With many employees working at home, organizations with large amounts of valuable data have been more vulnerable to various hacking and malware attacks. Among these are ransomware attacks, where the user’s data is encrypted and the data is only released (if at all) after a ransom is paid. Storage companies have responded by pointing out that having an air gap between some storage and the networked storage, such as with magnetic tape backup, can save the loss of lots of data during an attack.
Not having sensitive data on accessible hardware is an important way to protect that data. Drew Daniels, CISO and CIO of Druva said, “A strong data protection architecture will be key to ensure endpoints aren’t cluttered unnecessarily with sensitive or confidential data like PII. Instead, the focus should be on backing up such data, and then restoring it temporarily at a future time, if and when required.”
Other solutions are WORM and immutable data backups where encryption and other changes in data is prevented.
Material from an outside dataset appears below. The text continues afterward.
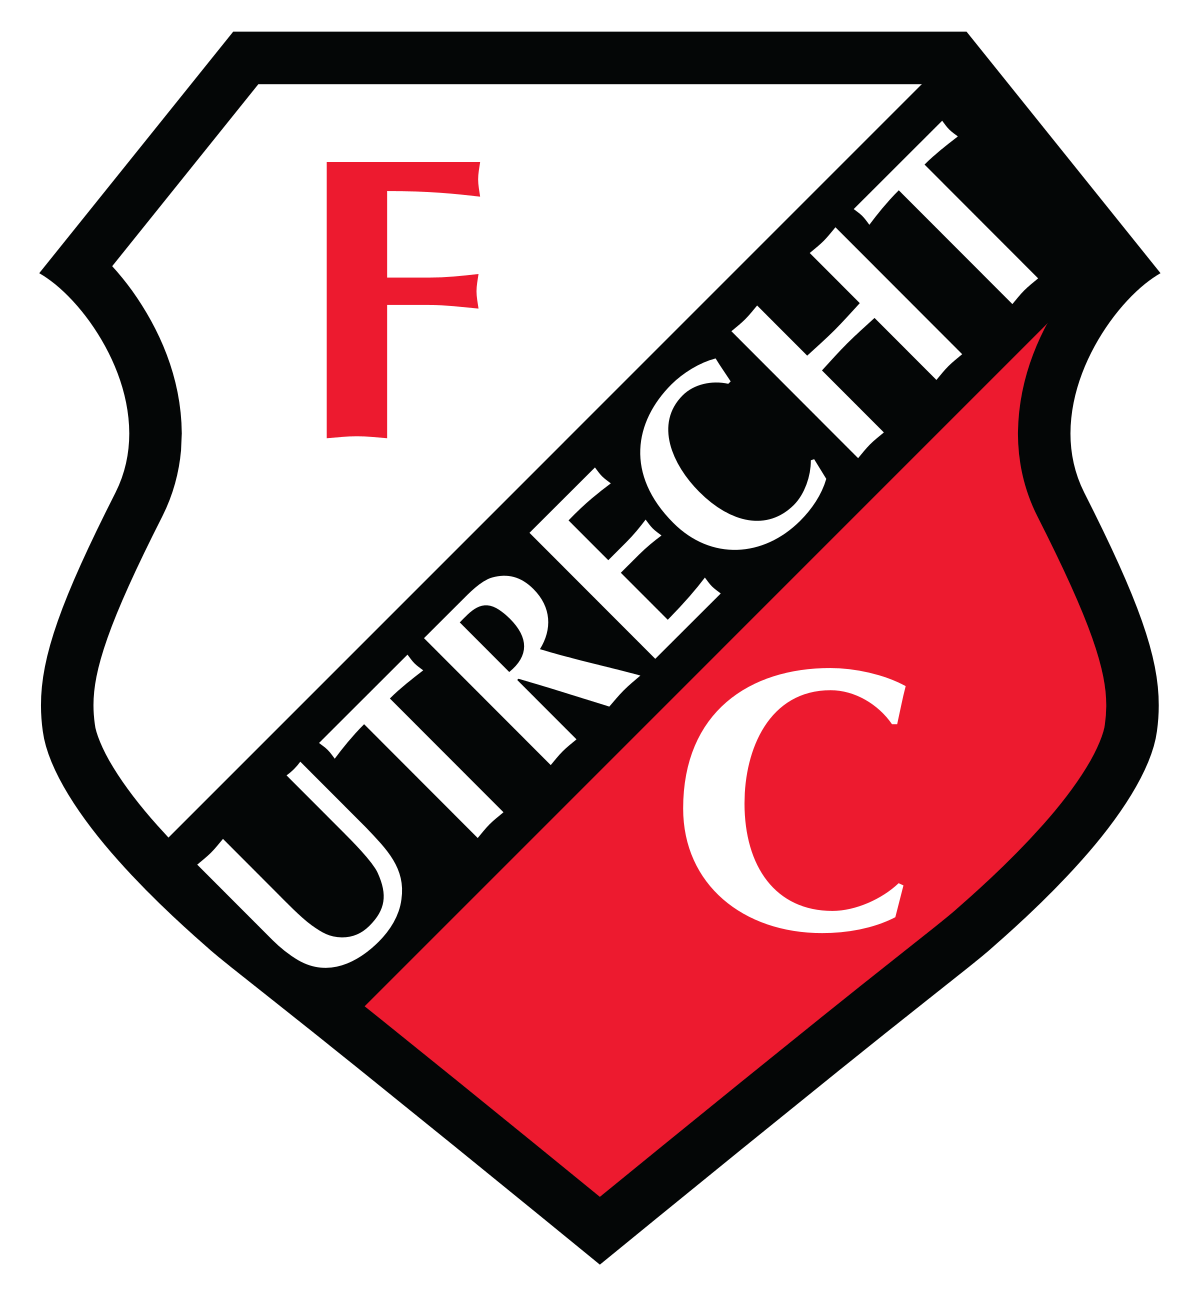 Utrecht W logo

According to Cathleen Southwick CIO for Pure Storage, “In 2021, regulatory bodies will enact stricter data privacy laws for consumer protection, and CIOs will make security their topmost priority and invest in confidential computing, the virtual private cloud, and other secure infrastructure.”
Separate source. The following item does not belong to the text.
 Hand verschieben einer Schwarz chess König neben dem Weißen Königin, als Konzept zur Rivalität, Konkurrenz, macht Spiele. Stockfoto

Also, in general, since data is kept on digital storage, improving the security of data movement is an important area of development as well as ways to assure that some sort of backdoor is not built into the hardware. Control of the component supply chain and ensuring the provenance of components using technologies such as distributed legers will be an important element in storage system security. In addition, there is much work going on to establish roots of trust in storage components and storage systems. We think that, after the security breaches and malware attacks in 2020, that 2021 will see a major emphasis in developing more comprehensive storage system security.
2021 will see continued growth of storage in data center to on-premises, the edge and end points to support remote work and the growth of IoT and AI workloads. NVMe and NVMe-oF will be commonly used in storage system with continuing development of CXL, GenZ and other memory fabrics. Computational storage will demonstrate useful applications and storage security will be a big focus to secure valuable institutional data.